AI Weekly #3 — chips, agents, and a liability wake-up call
OpenAI ships a custom inference chip and security tooling, DeepMind adds computer use to Gemini, and the AI liability question gets real.
This week the hardware layer got serious: OpenAI and Broadcom announced a custom LLM inference chip, while ASML’s next-gen chipmaking machine got a deep look.
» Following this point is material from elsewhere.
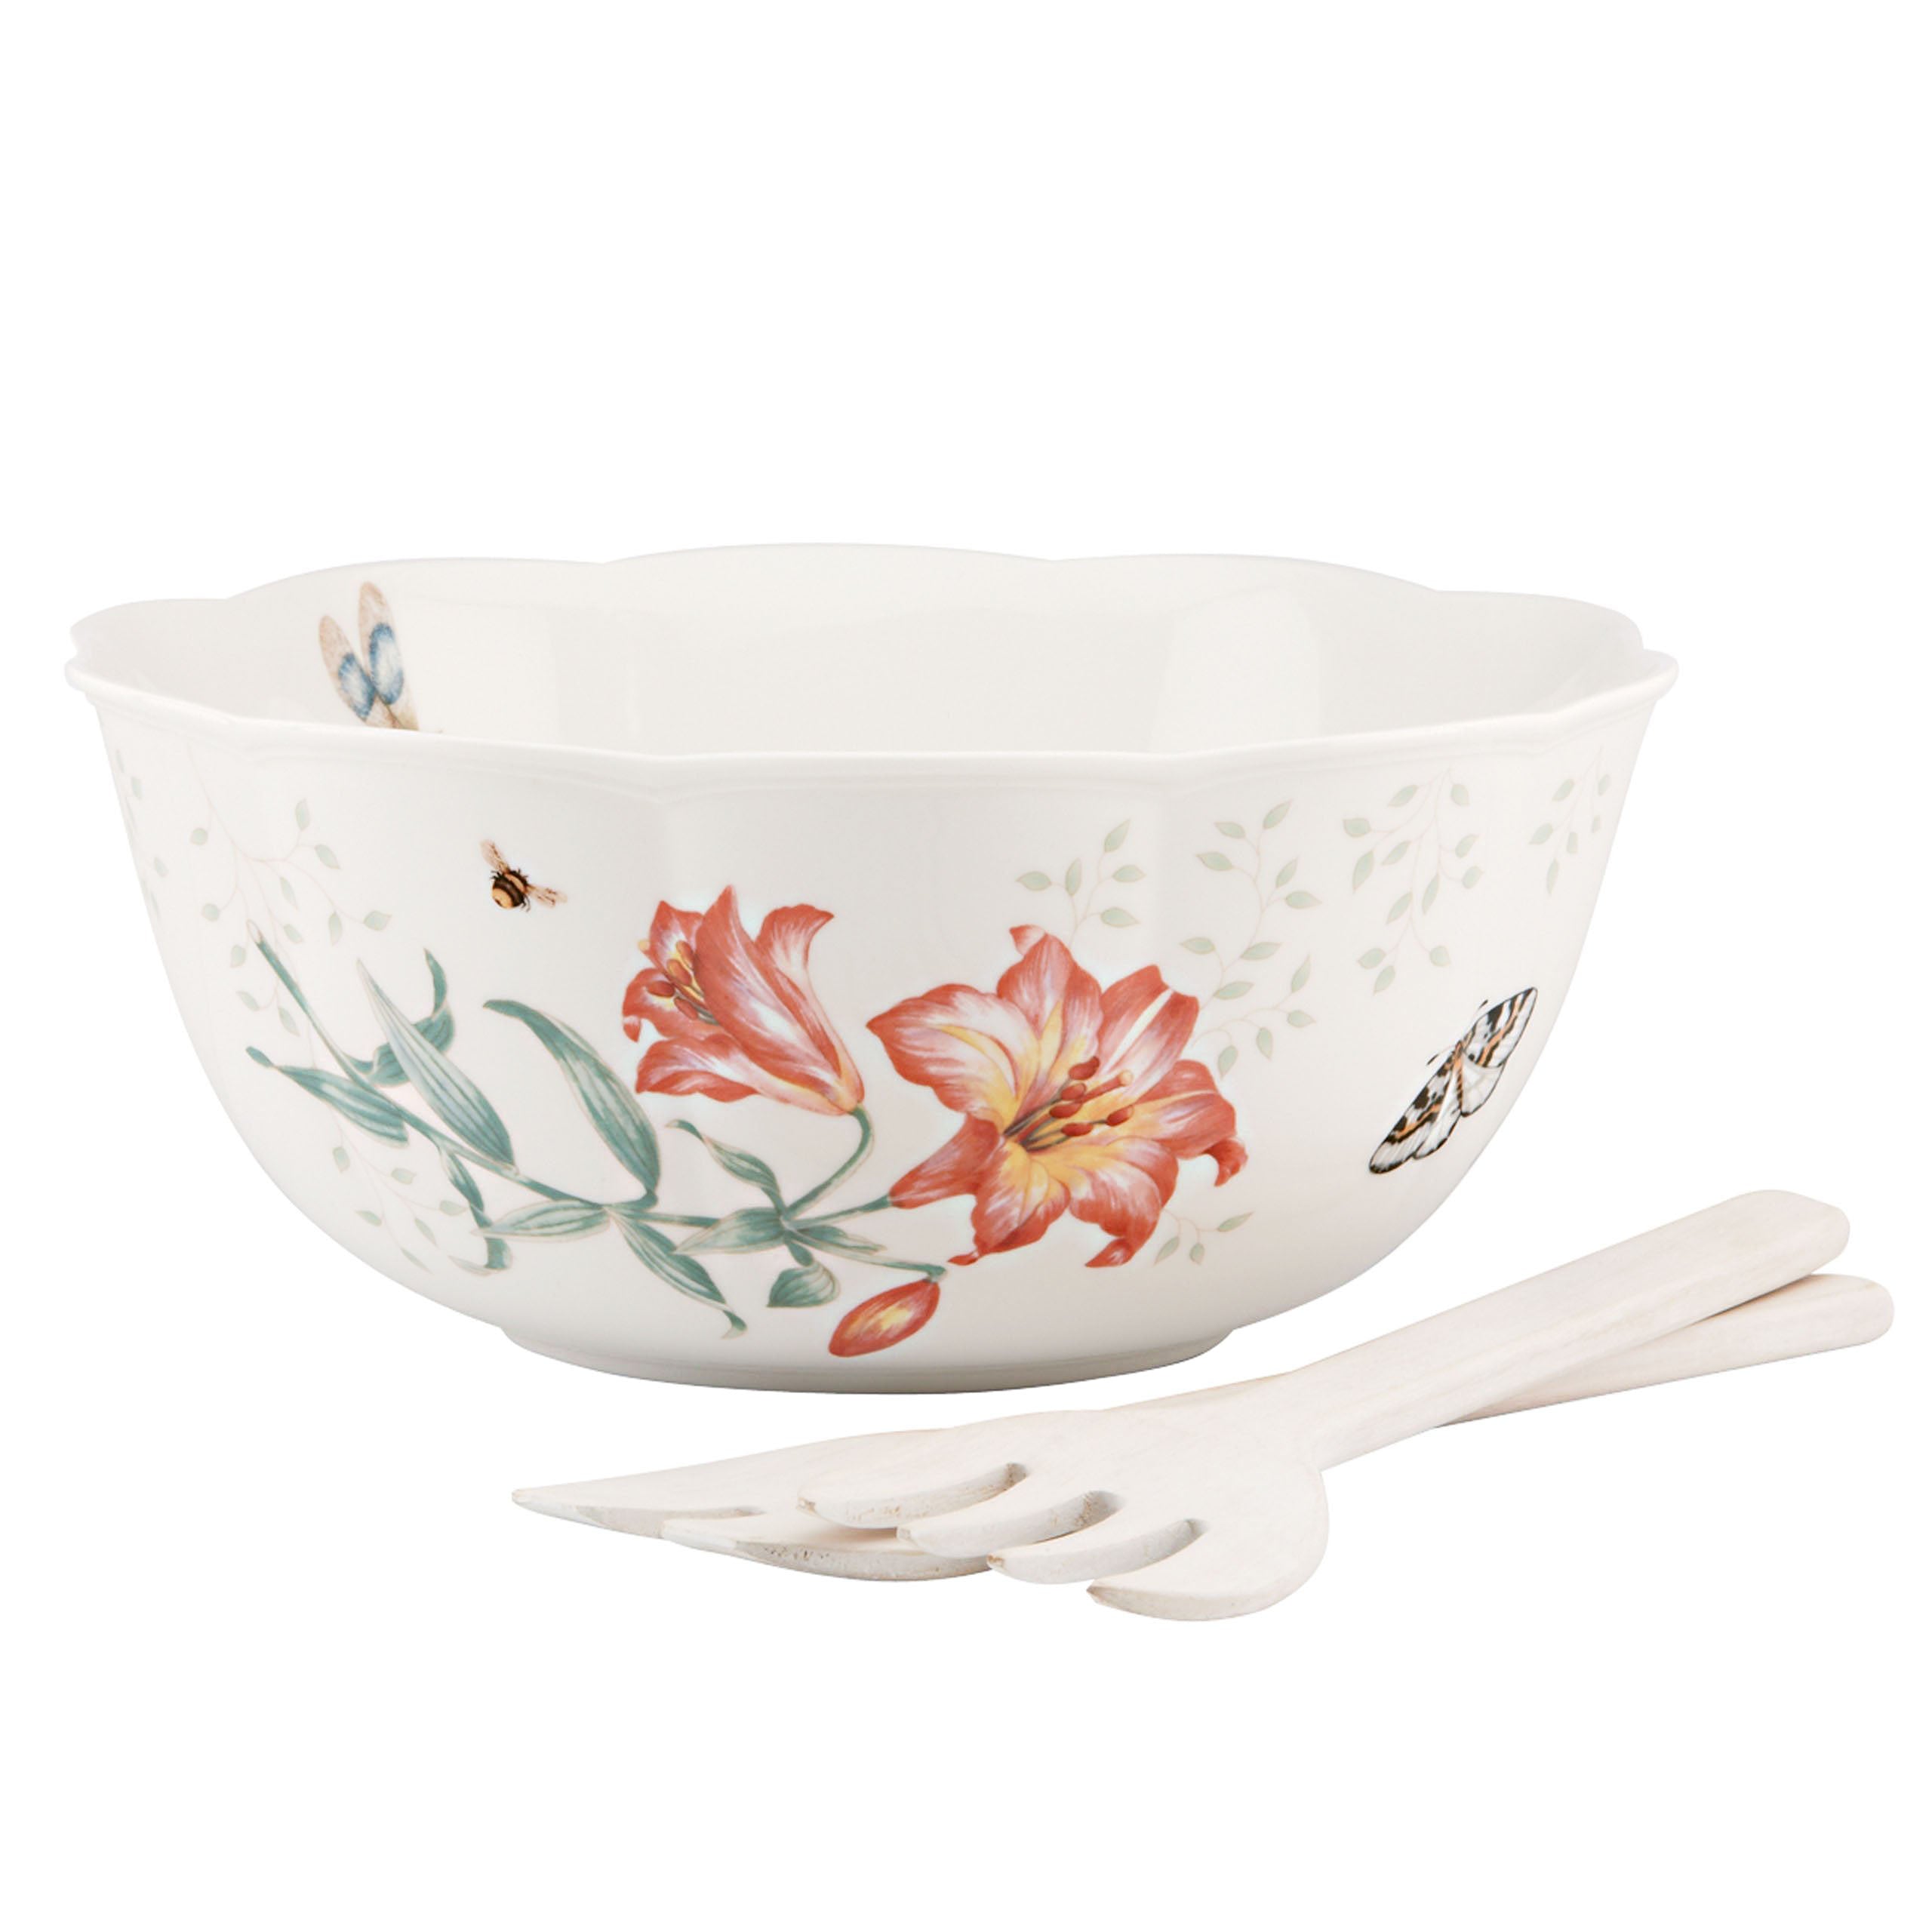 Lenox Butterfly Meadow Salad Bowl with wood servers 11.25" 820581 - Royal Gift

On the software side, DeepMind shipped computer-use capabilities in Gemini 3.5 Flash and OpenAI launched a security-focused tooling suite under the Daybreak brand. Underneath all of it, the question of who’s legally responsible when AI gets things wrong moved from background noise to front page.
OpenAI and Broadcom unveil Jalapeño, a custom LLM inference chip
OpenAI and Broadcom have jointly developed a chip called Jalapeño purpose-built for LLM inference workloads. The announcement signals OpenAI’s intent to own more of its own silicon stack rather than relying entirely on third-party GPUs. Few architectural details were disclosed, but the focus is on performance per watt and scale across OpenAI’s inference fleet.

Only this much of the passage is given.